414 - La veste de la douleur
N. Lygeros
Traduit du Grec par l'auteur
Flashback. Extreme close up.
Andréas
Et bien Christo, tu n’étouffes pas avec cette veste ? Un temps. Défais-la un peu…
Christos
Je ne peux pas !
Il la tient serrée contre son côté gauche.
Andréas
Mais pourquoi ? Cela ne va rien changer.
Christos
C’est impossible…
Andréas
C’est impossible ou tu ne peux pas ?
Christos
En moi, le monde pleut…
Andréas, en souriant.
Bon d’accord ne le prends pas ainsi… Silence. Tu sais, même comme nous sommes seuls, j’ai souvent l’impression que mes paroles te blessent.
Christos
Ce sont mes blessures qui te blessent, mon ami… Silence.
Andréas
Tu as raison… Un temps. Quand je te regarde je me demande toujours combien de douleurs la vie peut-elle supporter.
Christos
La vie est une grande blessure. Un temps. Nous nommons vie, sa résistance… Silence.
Nous les voyons en train de marcher sur le port. De dos, Voix Off.
Andréas le prend par l’épaule.
Andréas
Dis-moi… Et le rire qu’en fais-tu ? Un temps. N’est-il pas essentiel ?
Christos
Essentiel pour qui ? As-tu déjà vu la mer rire ?
Andréas
Je te parle des hommes !
Christos
Mais moi aussi ! Silence.
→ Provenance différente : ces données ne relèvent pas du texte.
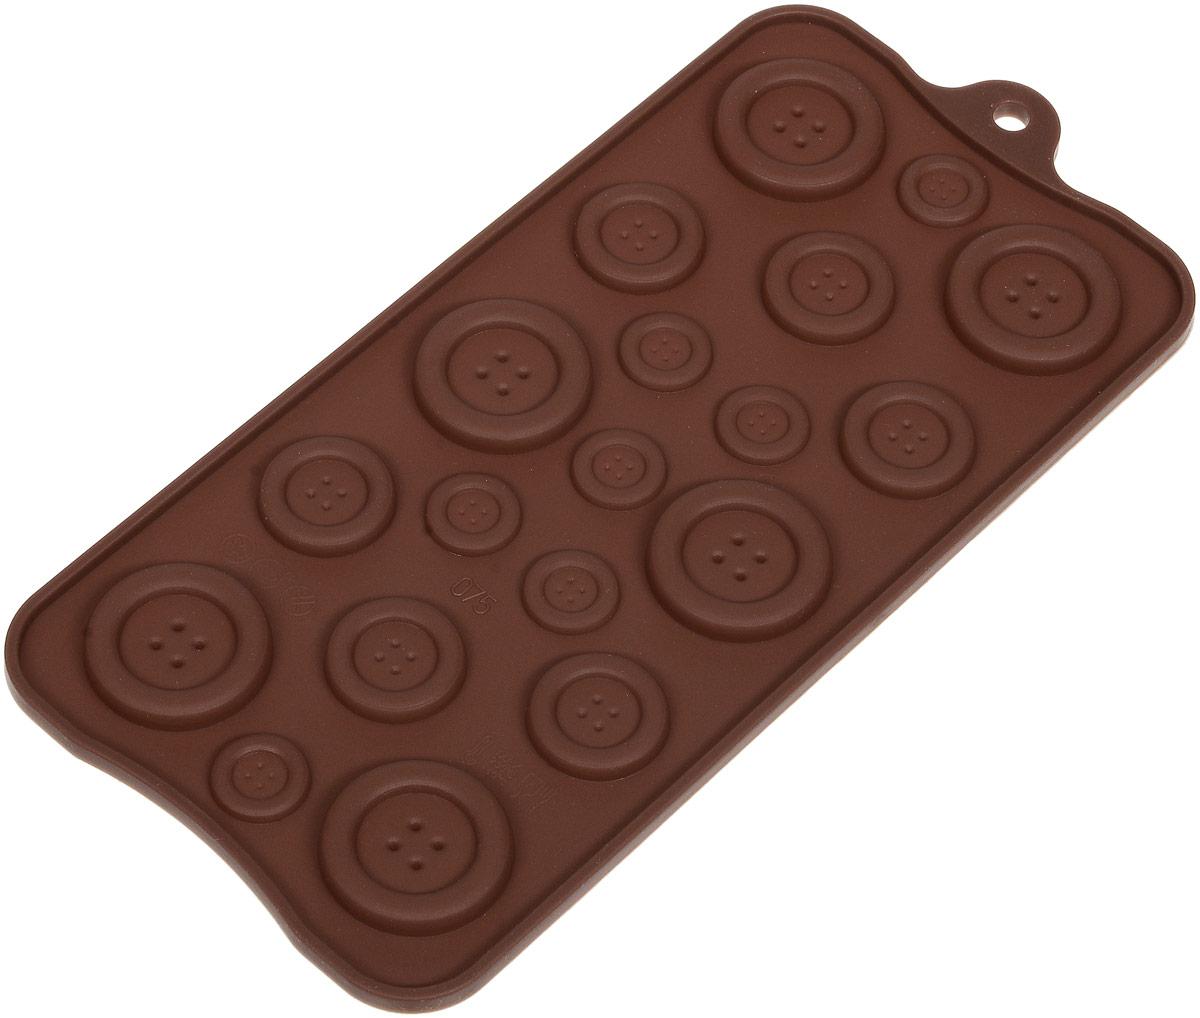 Форма для льда и шоколада Доляна Пуговки, 19 ячеек, 22 х 10,5 см1210652Силикон не теряет эластичности при отрицательных температурах (до - 40?С), поэтому, готовые льдинки легко достаются из формы и не крошатся. Лед получается идеальной формы. С силиконовыми формами для льда легко фантазировать и придумывать новые рецепты. В формах можно заморозить сок или приготовить мини порции мороженого, желе, шоколада или другого десерта. Особенно эффектно выглядят льдинки с замороженными внутри ягодами или дольками фруктов. Заморозив настой из трав, можно использовать его в косметологических целях.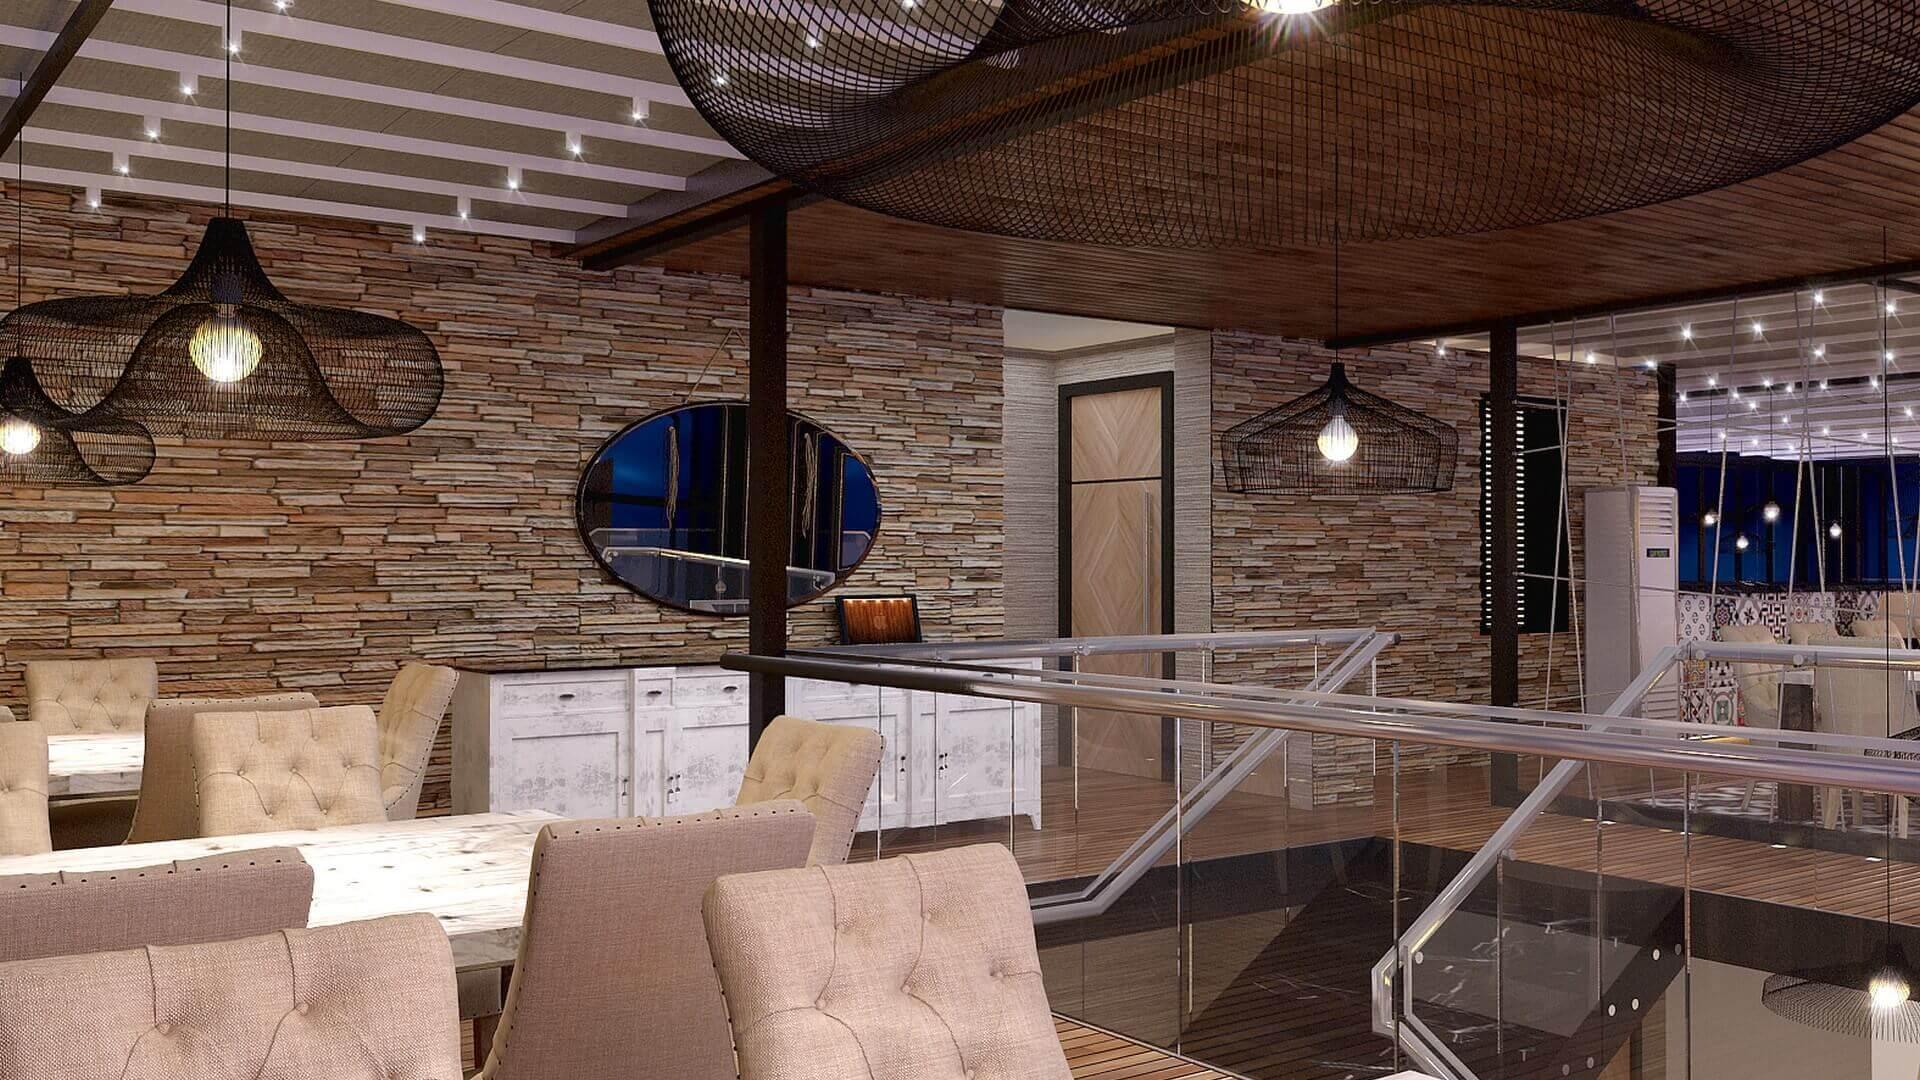 2098 Iskenderun Restaurant Restaurants

Tu te rappelles le livre de Victor Hugo ?
Andréas
Oui, bien sûr… Que veux-tu dire ?
Christos
C’est cela le rire pour moi : un visage déchiré… une blessure visible.
Andréas
C’est-à-dire que chaque fois que tu ris tu saignes ? Point de vue.
Christos, changeant de ton.
Veux-tu que nous allions à la tour ?
Fin flashback.
Andréas et Eva sont dans leur appartement. Full Shot.
Eva
Regarde ce que j’ai trouvé !
Elle lui montre une veste.
Andréas, en regardant la veste.
Alors ?
Eva
Mais tu ne la reconnais pas ?
Andréas la prend dans ses mains.
Andréas
La veste de Christos ! Un temps. Que fait-elle ici ?
Eva
C’est justement cela que je voulais te demander. Un temps. Peut-être qu’il l’a oubliée, que tu l’as mise avec les tiennes.
Andréas
Je n’en ai pas la moindre idée… Maintenant que tu le dis je l’avais remarquée dans le placard… Un temps. Mais elle n’allait avec aucun des habits que j’avais…
Eva
Pourtant tu n’as pas vu le plus important…
Andréas
Quoi donc ?
Eva
Ouvre-la et tu verras…
Elle lui donne la veste de Christos. Andréas l’ouvre en faisant attention… Medium Shot.
Andréas
Qu’est-ce que c’est que cela sur le côté gauche ? Un temps. Du sang ?
Eva
Oui, elle est maculée de sang…
Andréas
Mais alors ce jour-là… Il était blessé… Et moi je lui parlais du rire… Quel imbécile je suis !
Eva
Je ne comprends pas ce que tu dis ! De quoi parles-tu ?
Andréas
Comme toujours j’entendais la musique sans comprendre les paroles…
Eva
Que s’est-il passé, mon amour ?
Flashback.
Andréas et Christos sont assis sur un banc. Close up.
Andréas
Tu es fatigué, Christo ?
Christos, en souriant.
Tu plaisantes ? Un temps. Je voulais simplement que nous admirions la vue.
Andréas, surpris.
Mais puisque tu la vois tous les jours !
Christos
Ce que nous regardons chaque jour, peu à peu nous ne le voyons plus…
Andréas
Ce port je le connais depuis que je suis enfant…
Christos
Lui aussi il te connaît depuis ton enfance… Un temps. Toi, tu aschangé.
Andréas
Nous changeons tous !
Christos
Presque tous… Il montre la tour. Celle-ci n’a pas changé… Comme le temps…
Andréas
Le temps ?
Christos
Si le temps demeure le même c’est parce que chaque jour il change.
Il se baisse brusquement.
Medium Close Shot.
Andréas
Qu’as-tu, Christo ?
Christos
Rien, rien… Il se lève précipitamment. Je suis en retard… Lucia doit m’attendre… Nous en reparlerons ce soir…
Andréas
Bien…
Christos, en se retournant.
Aime-t-elle les pâquerettes ?
Andréas
Je ne sais pas…
Christos
Bien je trouverai quelque chose d’autre…
Fin flashback.
INSERT : Sur le même banc, Andréas contemple la vue.